● **TASK TO CARRY OUT**: Transcribe each line below verbatim; pictures excluded.

● **DATASET CONTENT**:

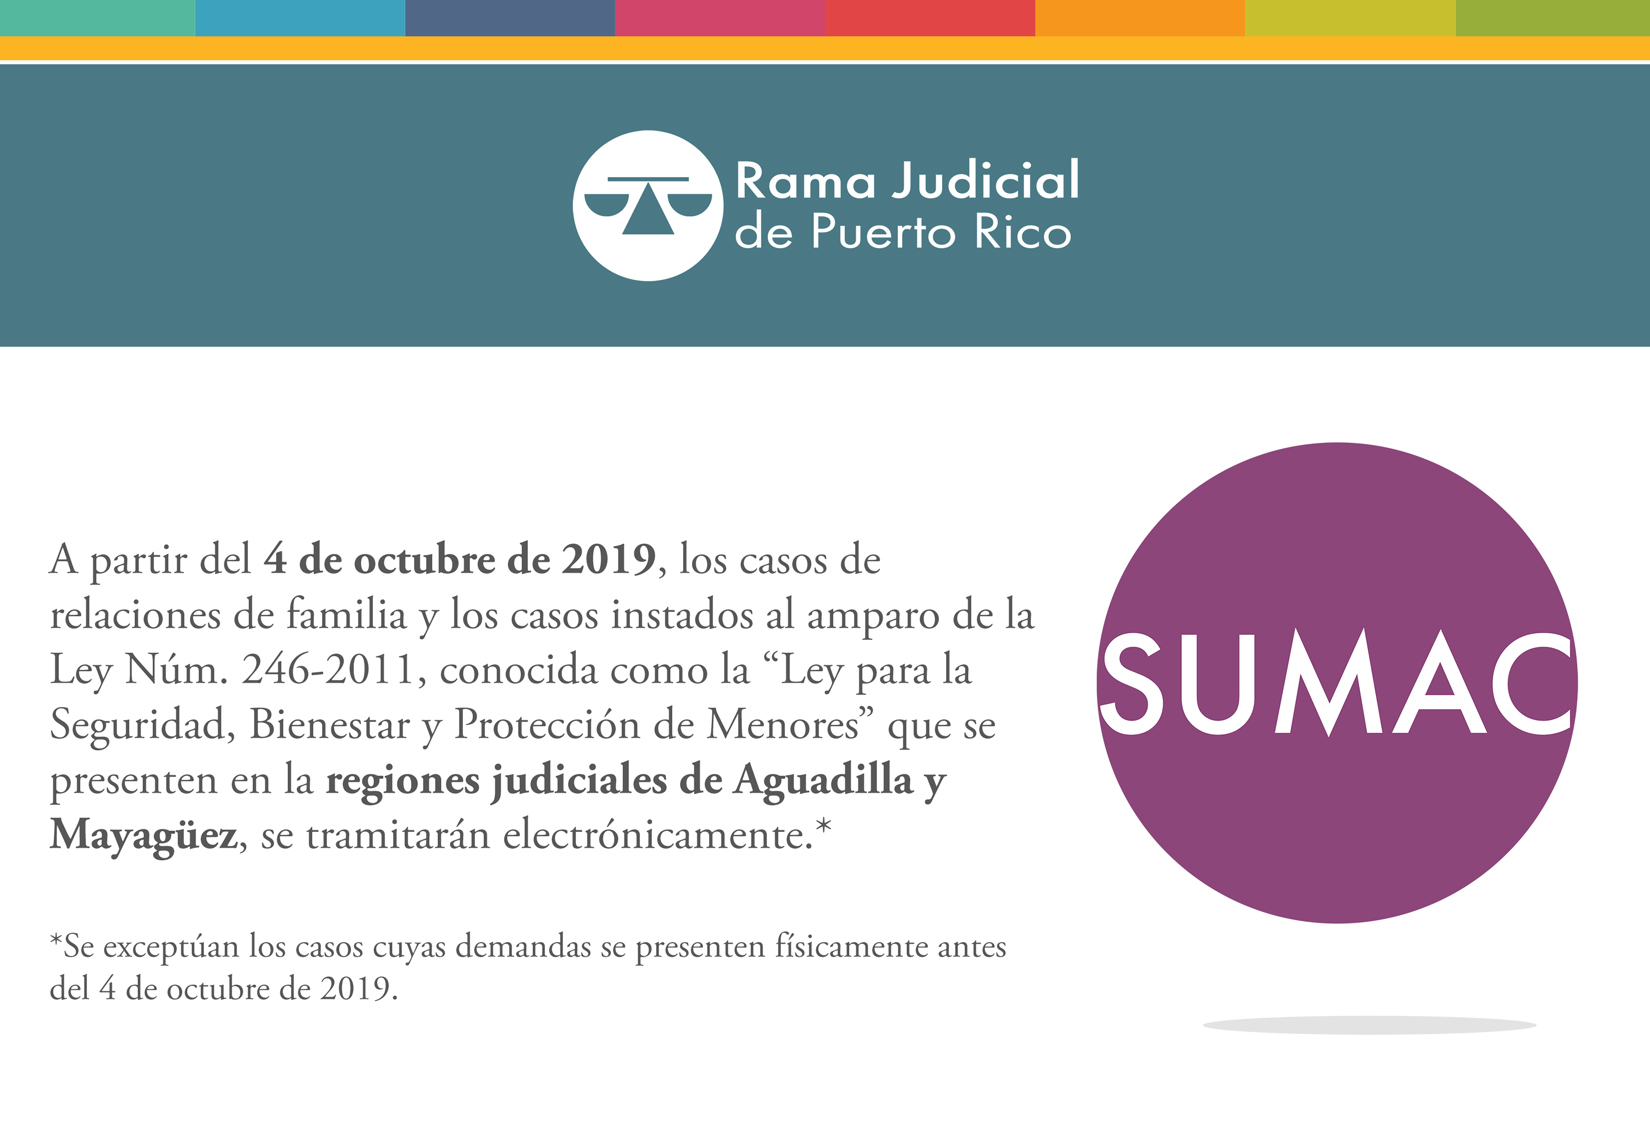 A partir del 4 de octubre de 2019, los casos de relaciones de familia y los casos instados al amparo de la Ley Núm 246-2011 de las regiones de Aguadilla y Mayagüez se tramitarán electrónicamente
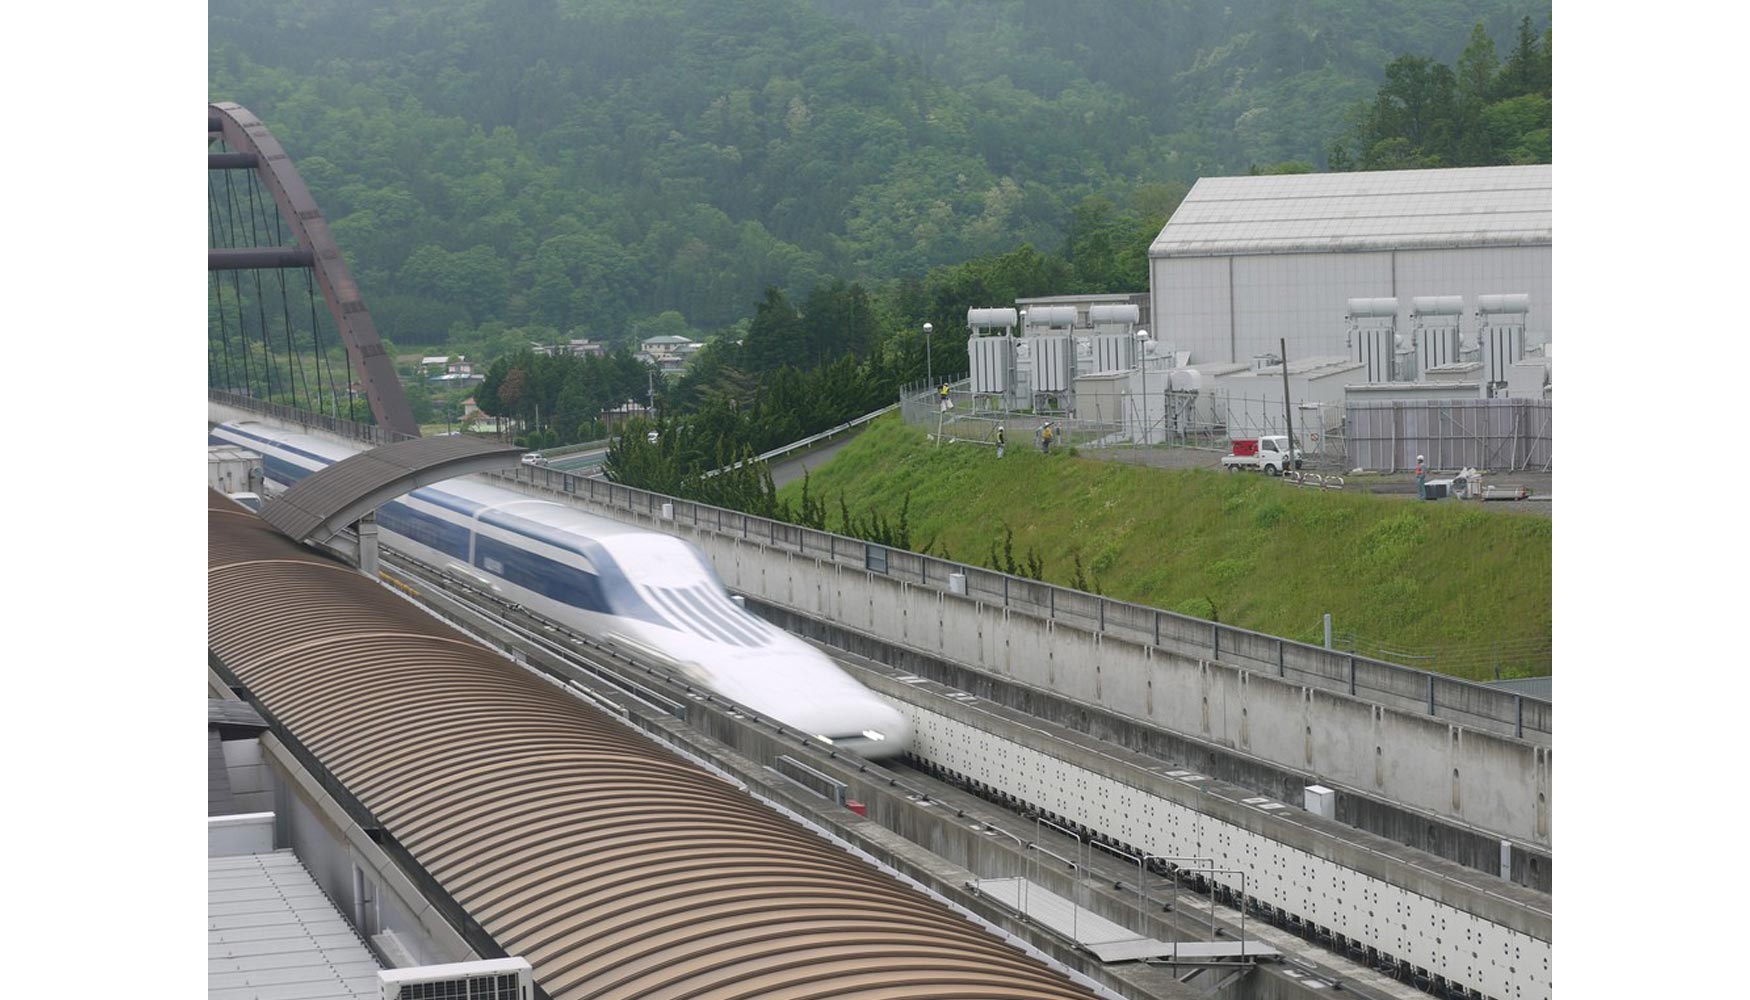 Los trenes maglev se posicionan como el futuro de los sistemas de alta velocidad, aunque ms a largo plazo
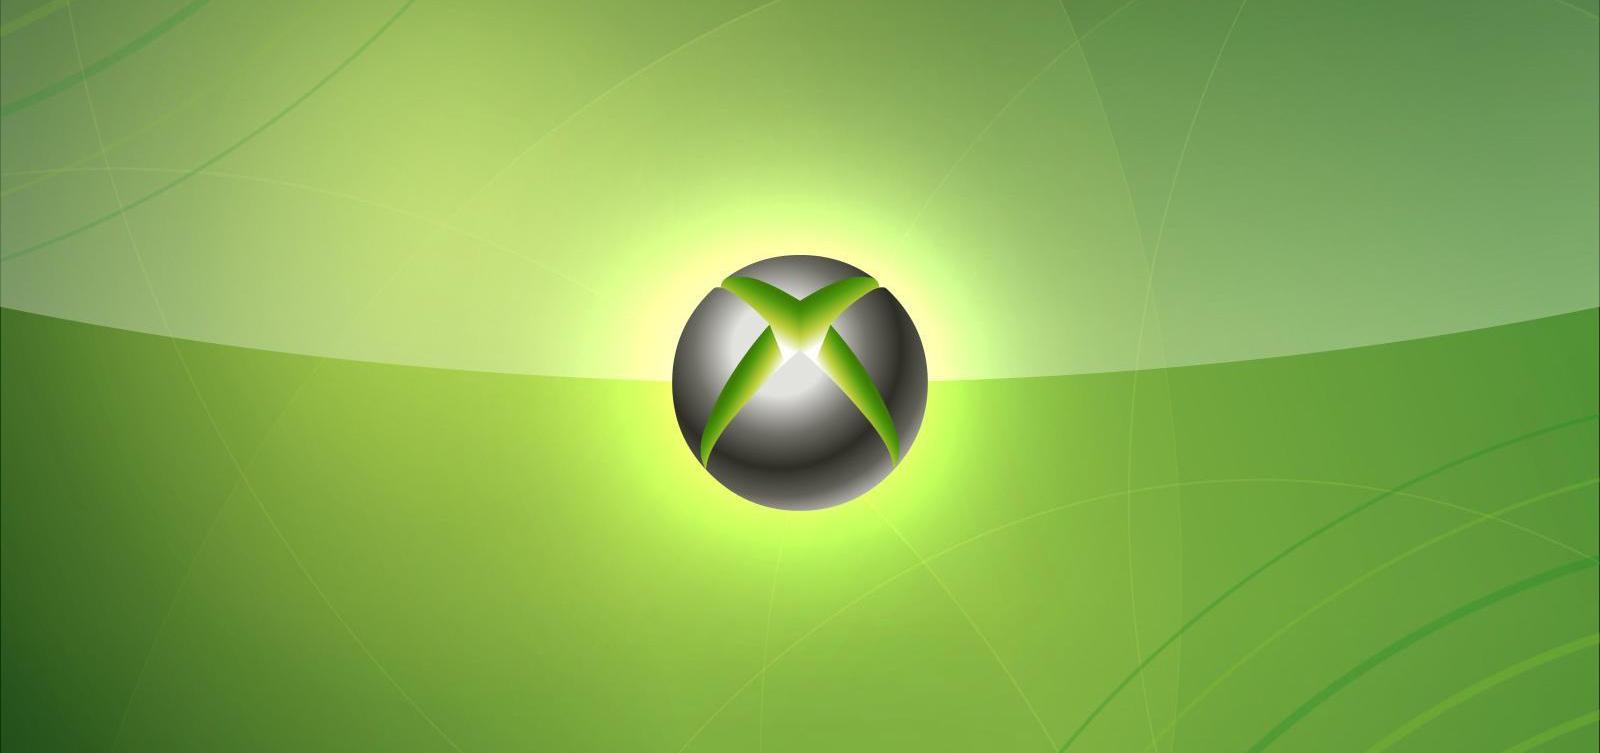 Xbox-360-HD-Wallpaper1.jpg

● **TASK OUTPUT**:
 A partir del 4 de octubre de 2019, los casos de relaciones de familia y los casos instados al amparo de la Ley Núm 246-2011 de las regiones de Aguadilla y Mayagüez se tramitarán electrónicamente
 Los trenes maglev se posicionan como el futuro de los sistemas de alta velocidad, aunque ms a largo plazo
 Xbox-360-HD-Wallpaper1.jpg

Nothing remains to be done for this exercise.